Michael Cannon: States had more than three years to establish exchanges. The strongest evidence we have that Congress expected all states to do so in that timeframe is that Congress provided zero funding for federal exchanges in the law.
It may have been the case that — if this legislation had gone to conference — someone would have objected to the conditional nature of the Senate bill’s Exchange[capitalized?] subsidies, that someone would have said, "This would knock out one leg of the three-legged stool! Did you pay attention to those town hall meetings in August? We can't let the Tea Party grab onto this because they'll blow up the whole thing! We have to change that!"
But that didn't happen.

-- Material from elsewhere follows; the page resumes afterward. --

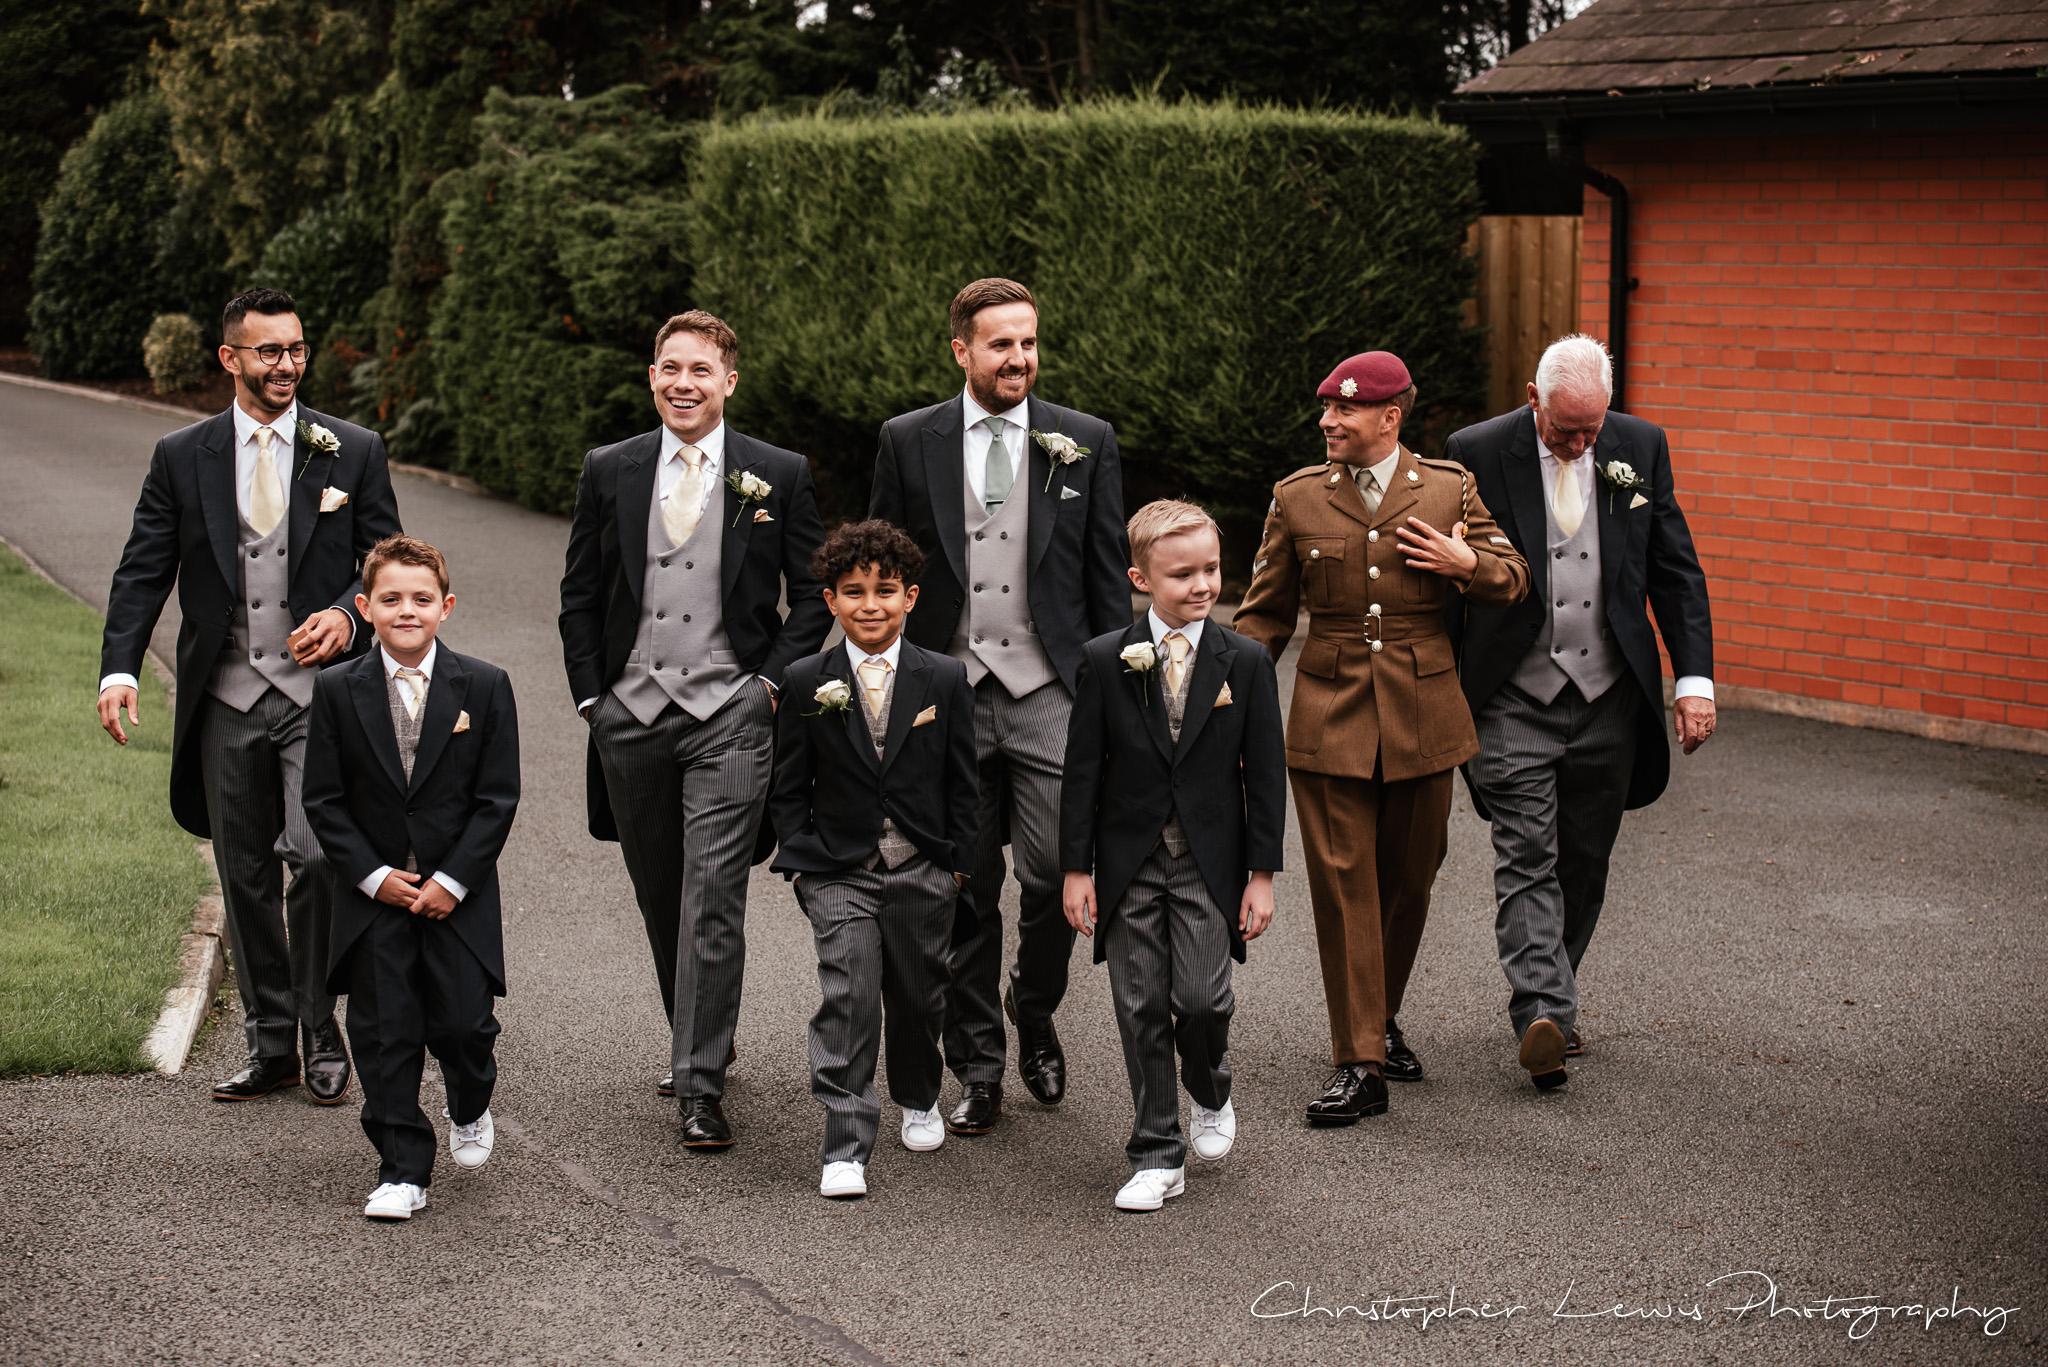 Colshaw Hall Wedding groomsmen

When Scott Brown won, Democrats only had one bill they could get through Congress. That’s how this provision became law.
You didn't ask about it. Julie [Rovner, a health-policy reporter formerly with NPR and currently with Kaiser Health News] didn't ask about it. That doesn't mean that Congress wasn't meaning to do it. That doesn't mean it's not the law. It just means that there was so much else going on that no one examined this. No one questioned them on it.
Skocpol makes a different argument, similar to the idea I raised in my question.
"The larger truth is that no one assumed every state would do this," Skocpol, a professor in Harvard's school of government, says. "It wasn't an issue of politics then, it was one of policy: these were smaller states and there was a thought some of them wouldn't be able to manage the process. It was taken for granted by all parties that some states would need a backup."
Update: A reader flags one of the CBO report in Skocpol's analysis, sent to Sen. Ted Kennedy (D-Mass.) in June 2009, that did explore the possibility of limiting subsidies to state-run exchanges but only in the case of states launching their marketplaces early. So if a really motivated state like, say, California wanted to launch its marketplace in 2013, its tax payers would get subsidies. This would be somewhat similar to how the Affordable Care Act gave states additional funds if they wanted to expand Medicaid early, before 2014. This provision did not ultimately become part of the Affordable Care Act.